In the same way that individuals who live in very large cities like Tokyo or New York or Paris understand that it is impracticable for all but the wealthiest to drive a car, so that most individuals must use mass transit, on a planet with more than seven billion individuals using the energy infrastructure, individuals will need to adjust their expectations for instantaneous gratification. Industries, too, will need to adjust their expectations in the convergence of the global economy on sustainable practices. And, make no mistake, these adjustments will happen in the fullness of time. How it happens will be a matter of historical process, and many distinct scenarios for the transition of the terrestrial electrical grid to sustainable and renewable fuels are still possible; we are not yet locked in to any particular compromise.

Germany has come in for much criticism for its de-nuclearization program, which has meant that they have had to re-start some coal-fired power plants in order to maintain contemporaneous energy supply expectations. A number of energy experts regard the Germans as deluded, and believe that renewable resources can never meet the demands of an industrialized economy. I cannot wave away the problems of scaling and intermittency with a magic wand, but with adjustments to the industrial infrastructure and improved renewable technologies coming online, the two will eventually meet in the middle. However, those who ridicule renewables as impractical also cannot wave away the problems with their solutions with a magic wand. The most common answer to carbon-free electric generation is to ramp up nuclear power production. This comes with problems of its own. While I strongly support the development of advanced nuclear technologies, I do not delude myself that the public is going to suddenly embrace nuclear power and forget about the dangers. The Germans proved to be overly-optimistic over what can be done today with renewables, but this does not call the transition to renewables into question in the long term.

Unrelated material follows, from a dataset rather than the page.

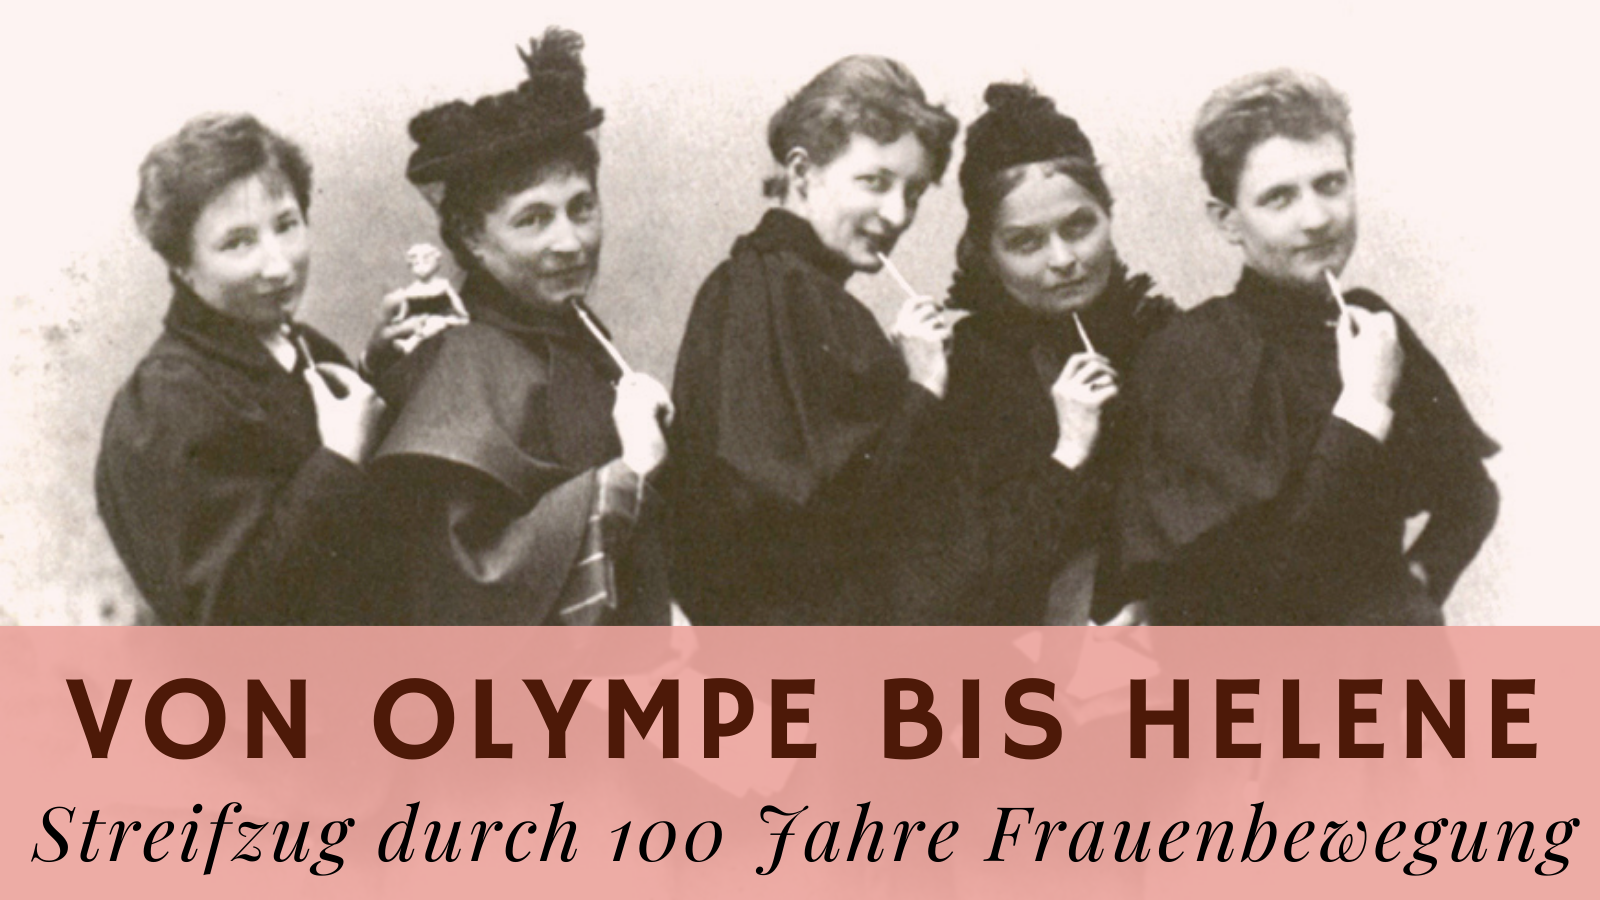 Folge 8: Von Olympe bis Helene: Streifzug durch 100 Jahre Frauenbewegung

It is not at all clear that the public would prefer the dangers of nuclear power to the dangers of climate change, and both issues are so emotionally charged that it would be nearly impossible to take an honest poll on the question.

A continental-scale energy grid could greatly mitigate intermittency. If it’s not sunny somewhere on a continent, it is likely to be windy somewhere. However, even at a continental scale there will be becalmed nights when there is neither sunshine nor wind. The larger the surface area of the planet that is covered by an interconnected electricity grid, the more that these low points of intermittency can be minimized, but they cannot be entirely eliminated. For these minimized intermittancy low points, existing hydropower infrastructure could be used with a minimum of modification to store power. During peak periods of intermittent electricity supply, water could be pumped from lower elevations to fill a dam, which can then later be used to generate hydropower during times of peak demand.

A planetary-scale energy grid could eliminate intermittency, since the sun is always shining somewhere in the world. I made this point previously in a blog post from a few years back, A Thought Experiment on Collective Energy Security. As I said in that post, we do not have the technology and the engineering expertise for a planetary-scale electricity grid, and with a planetary electrical grid, the political challenges would probably be greater than the technological problems. However, we also do not have, at present, the technology and engineering expertise for advanced nuclear, and we don’t have the technology and engineering expertise to run an industrial economy on renewables. All of these technologies, however, are on the cusp of fulfilling their intended function, and significant capital investments in any one energy future could accelerate its practical availability.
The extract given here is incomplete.